Similar issue with my colleague and my company had to wait till she returned from maternity leave. I think you cant be made redundant while on maternity leave.


----------



## jhegarty (27 Jan 2009)

cheshirelass said:


> Hi, yes you can be made redundant whilst on maternity.
> 
> However, your company will have to follow procedure to the letter.  There is also extra protection in place for this sort of situation.
> 
> Google for the full information but one part to bear in mind is that you take priority over everyone else for any suitable alternative position.  They call this positive discrimination, but I would highly recommend you do a bit of research and make sure procedure is being followed.




That's wrong.

You can't be.

From ; http://www.entemp.ie/employment/redundancy/faq.htm#faq14

*13. Can an employee be made redundant while on Maternity Leave or on Additional Maternity Leave?*

 No. Notice of Redundancy (included in RP50) _cannot_ issue when a person is on Maternity Leave or indeed on Additional Maternity Leave. The Equality Authority are the experts on this and callers can be referred to them at (01) 4173333. (Lo Call – 1890 24


----------



## Ann1 (27 Jan 2009)

What happens if a company closes it doors for business as is happening quite often these days.


----------



## eggerb (28 Jan 2009)

jhegarty said:


> You can't be.
> 
> From ; http://www.entemp.ie/employment/redundancy/faq.htm#faq14
> 
> ...


 
Does this mean, however, that Notice of Redundancy *can* issue whilist an employee is pregnant but *before* she starts maternity leave? So, in effect, an employer could expedite the redundancy process and make an employee redundant before she starts maternity leave.


----------



## eggerb (28 Jan 2009)

Looks like this has already been answered here.


----------



## Winter08 (28 Jan 2009)

Hi All, thanks for your replies...... jhegarty thanks for that link, I think that answers my question.. 
eggerb, I do of course realise that I can be made redundant before my maternity leave date, simply being pregnant does not make me immune to redundancy.
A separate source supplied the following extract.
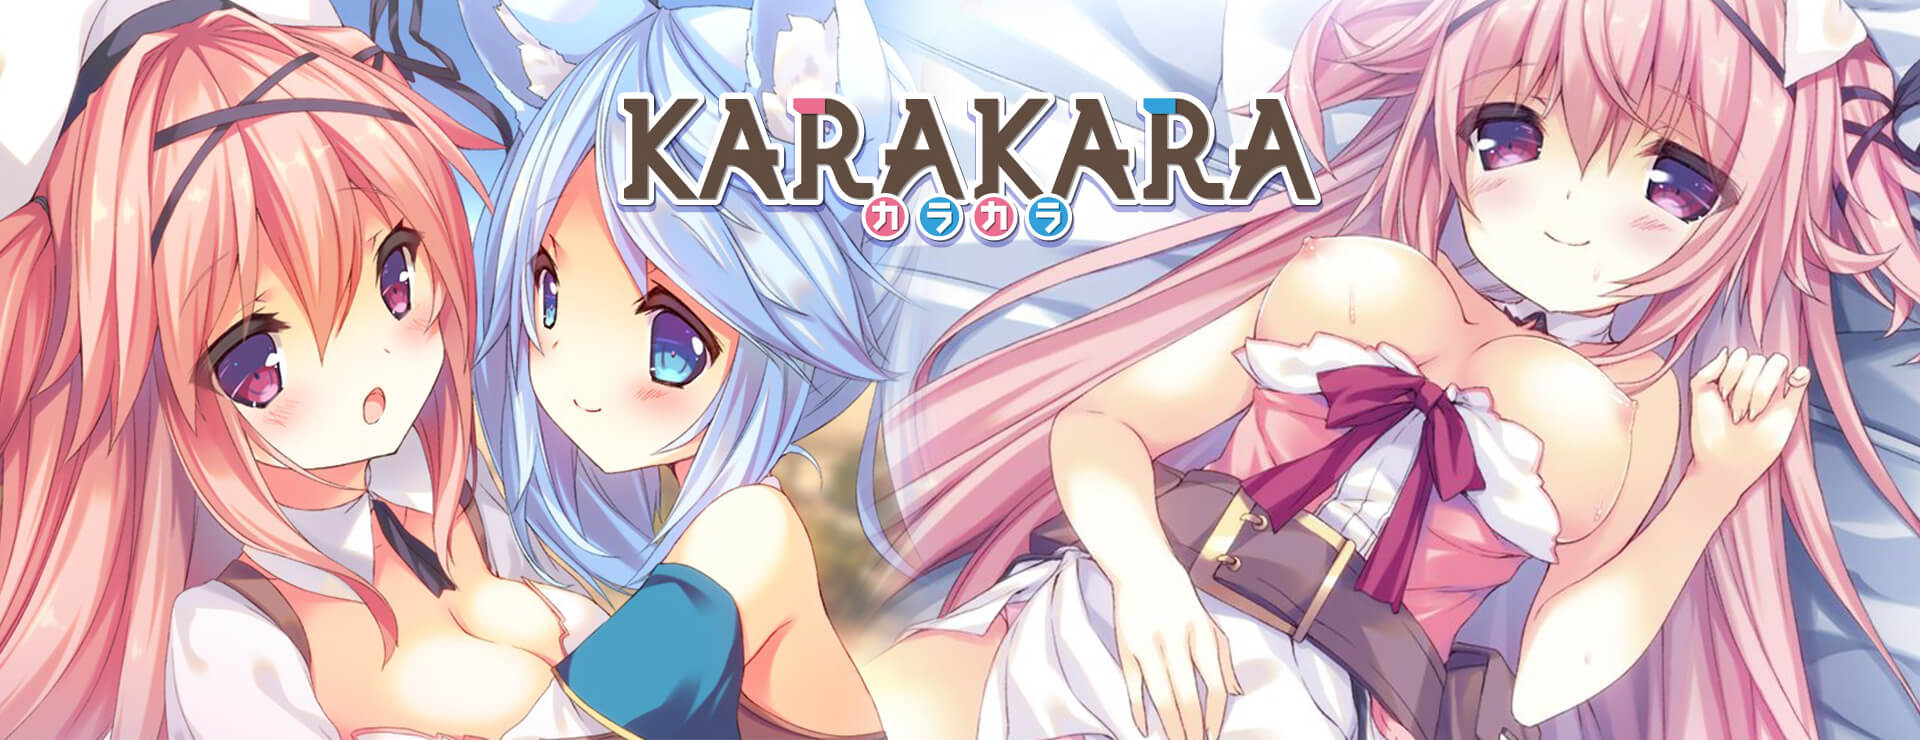 KARAKARA - Powieść wizualna Gra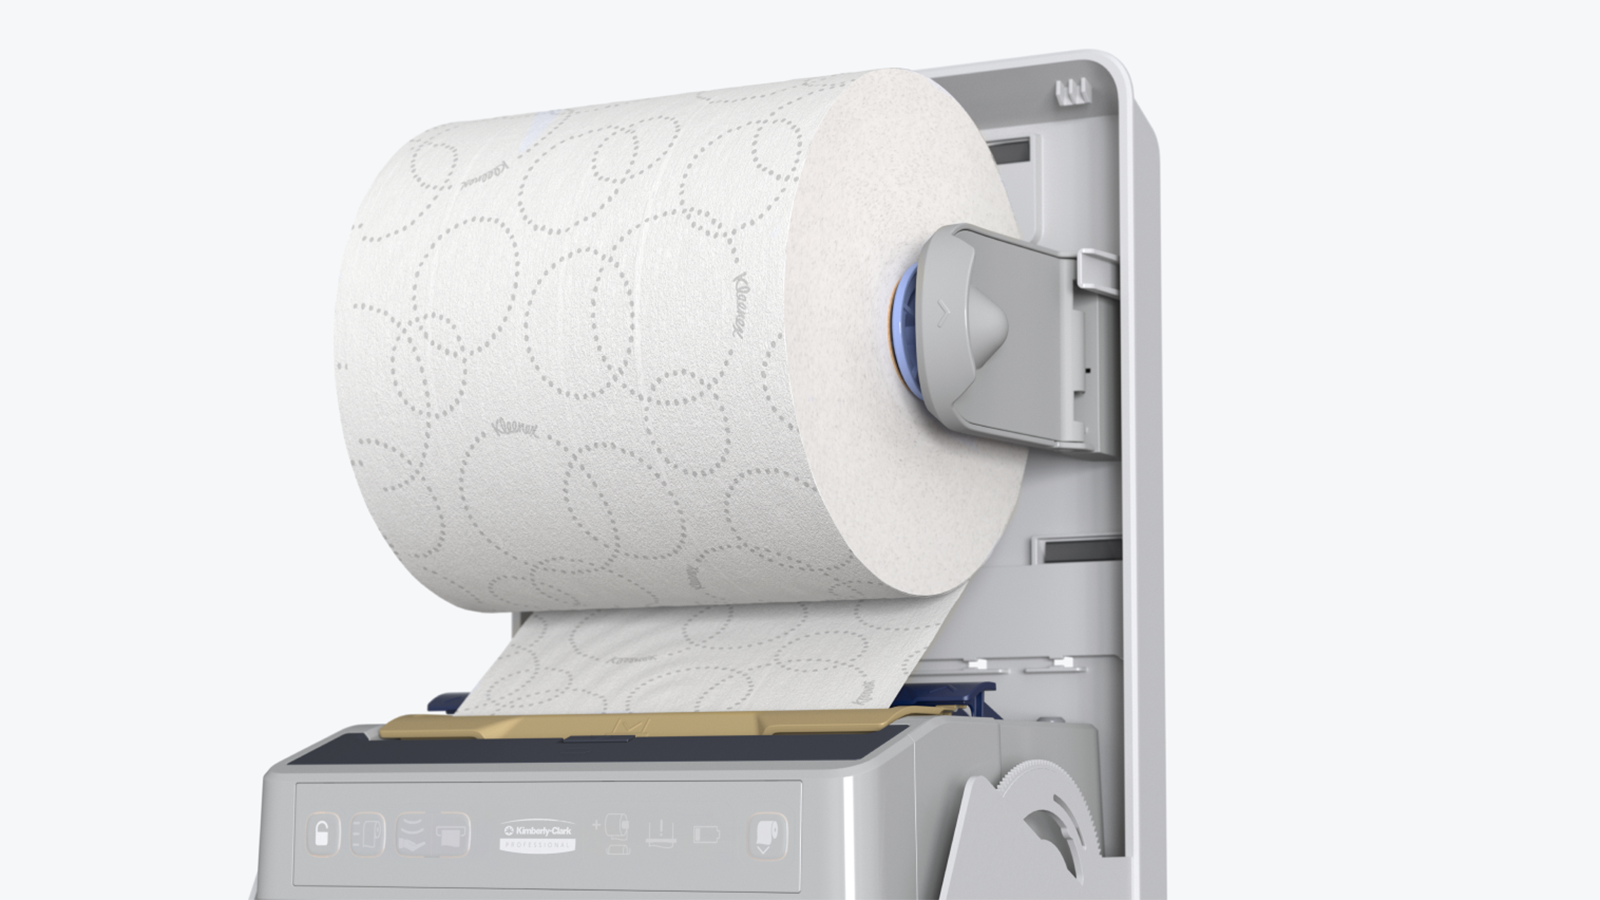 Electric Paper Dispenser Sensor Automatic Towel Dispenser Toilet

However, in my situation it is unlikely that the company will be in a position to make any of us redundant before my expected leave date as there is still a lot of work to be done and redundancies are contingent on parts of the company being sold off ... as and when parts are sold off they will let people go, so if they were to just let me go before my maternity leave date and nobody else then I think that would be a strong indication that I have been let go simply because I was pregnant in which case I would have a case against them from unfair treatment.


----------